All the Money in the World, And Who Has It (2022)

How Much Money Is in the World in 2026? Shocking Figures (Updated 2026-02-04)

Should the asset bubbles pop, total assets will fall significantly, but the sum of cash and cash equivalents will be extraordinarily large as fixed assets collapsing in value will be sold and converted to cash.

If 10% of all privately held wealth seeks the safety and yield of US Treasuries, that's a very large pool of capital trying to get a piece of a relatively limited asset class.

Some final points that must be made. Assets that looked safe as inflation hedges get sold because inflation in the cost of living doesn't necessarily translate to inflation of asset valuations. If demand craters, valuations fall. Once capital appreciation reverses to losses of capital, money managers will seek any safe yield and a return of capital over risking further downside.

Resources rise in value in global growth. But demand can drop far faster than supply, and so even limited resources can crash in price in a deep recession that crushes demand.
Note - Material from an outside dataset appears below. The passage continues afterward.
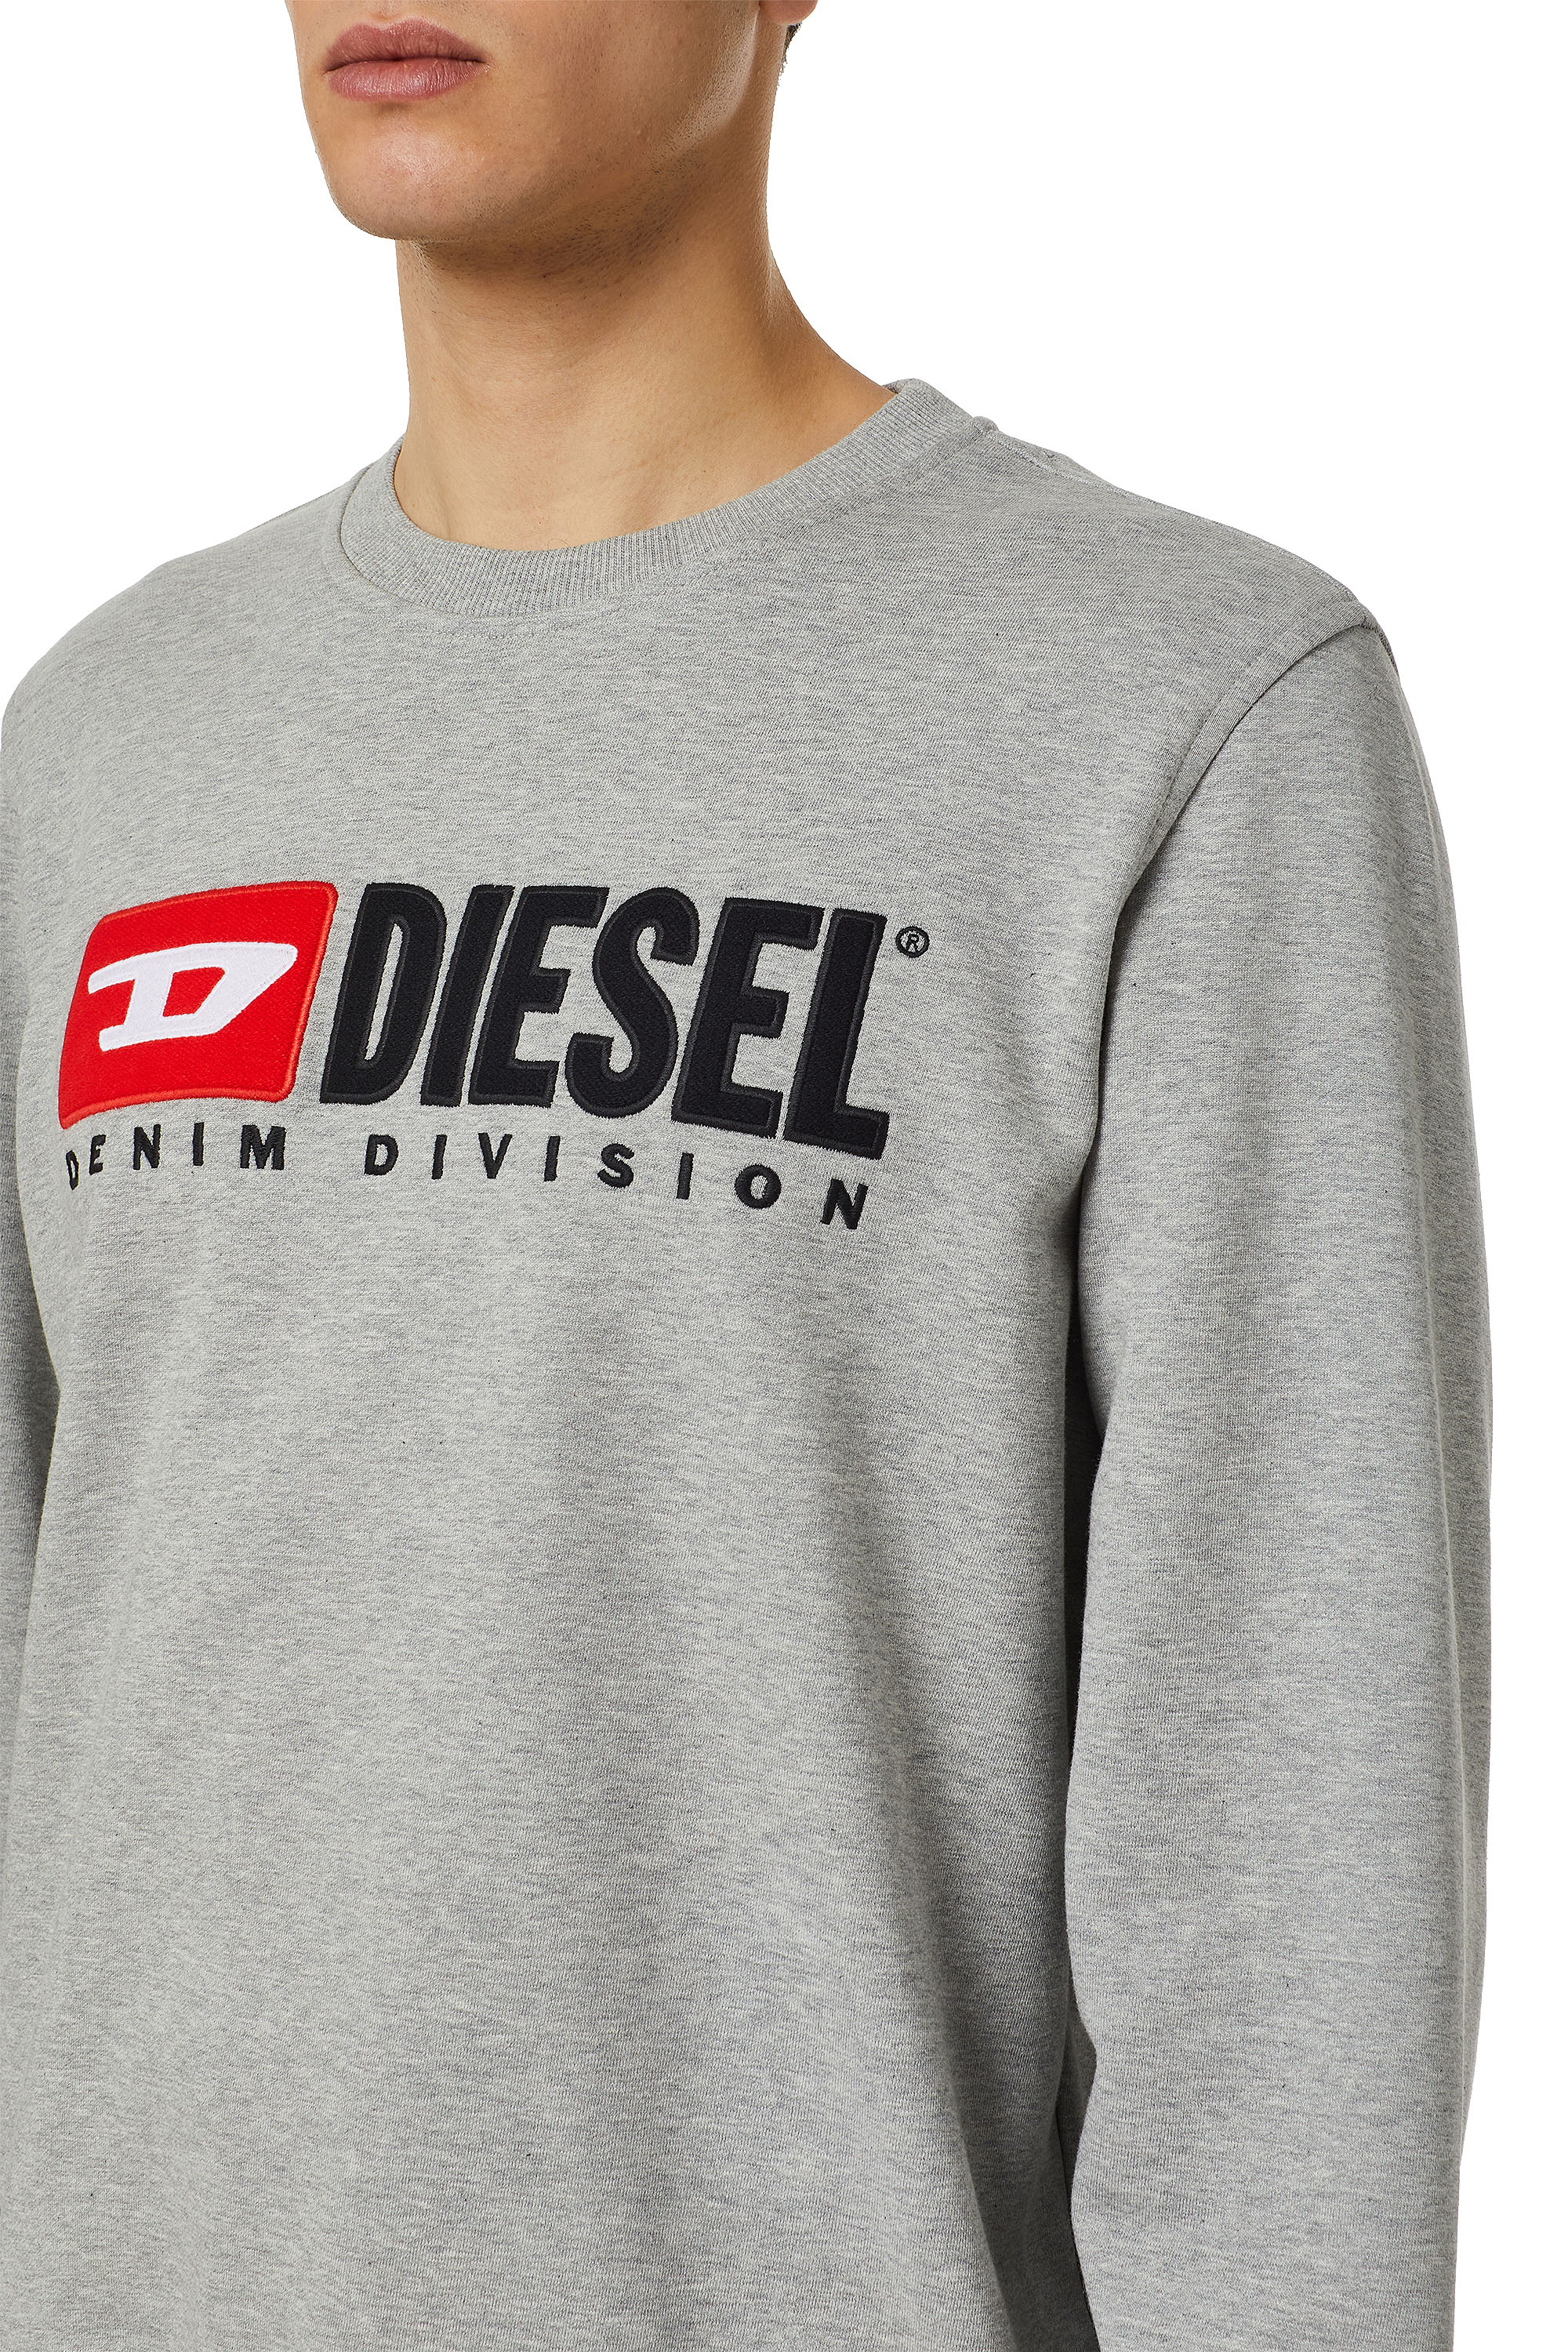 Diesel - S-GINN-DIV, グレー - Image 4

Individual investors can absorb losses in the hope that prices will soon return to nosebleed levels, but money managers don't have that luxury. The winning strategy in terms of saving their jobs is sell everything, put the capital in Treasuries earning some yield, and await the return of organic demand after the washout of all asset valuations reaches exhaustion.

Recency bias stretches back 17 years to 2009. Few believe a deflation of asset valuations is possible, or that yields could rise or that Treasuries will be in high demand while all the current darlings are being sold.

Money managers have a different risk calculus than individual investors / gamblers. And since they manage large sums, what they process through their OODA loop will influence markets. So it usually pays to put ourselves in their shoes. Losing our own money is one thing, losing other people's money is another.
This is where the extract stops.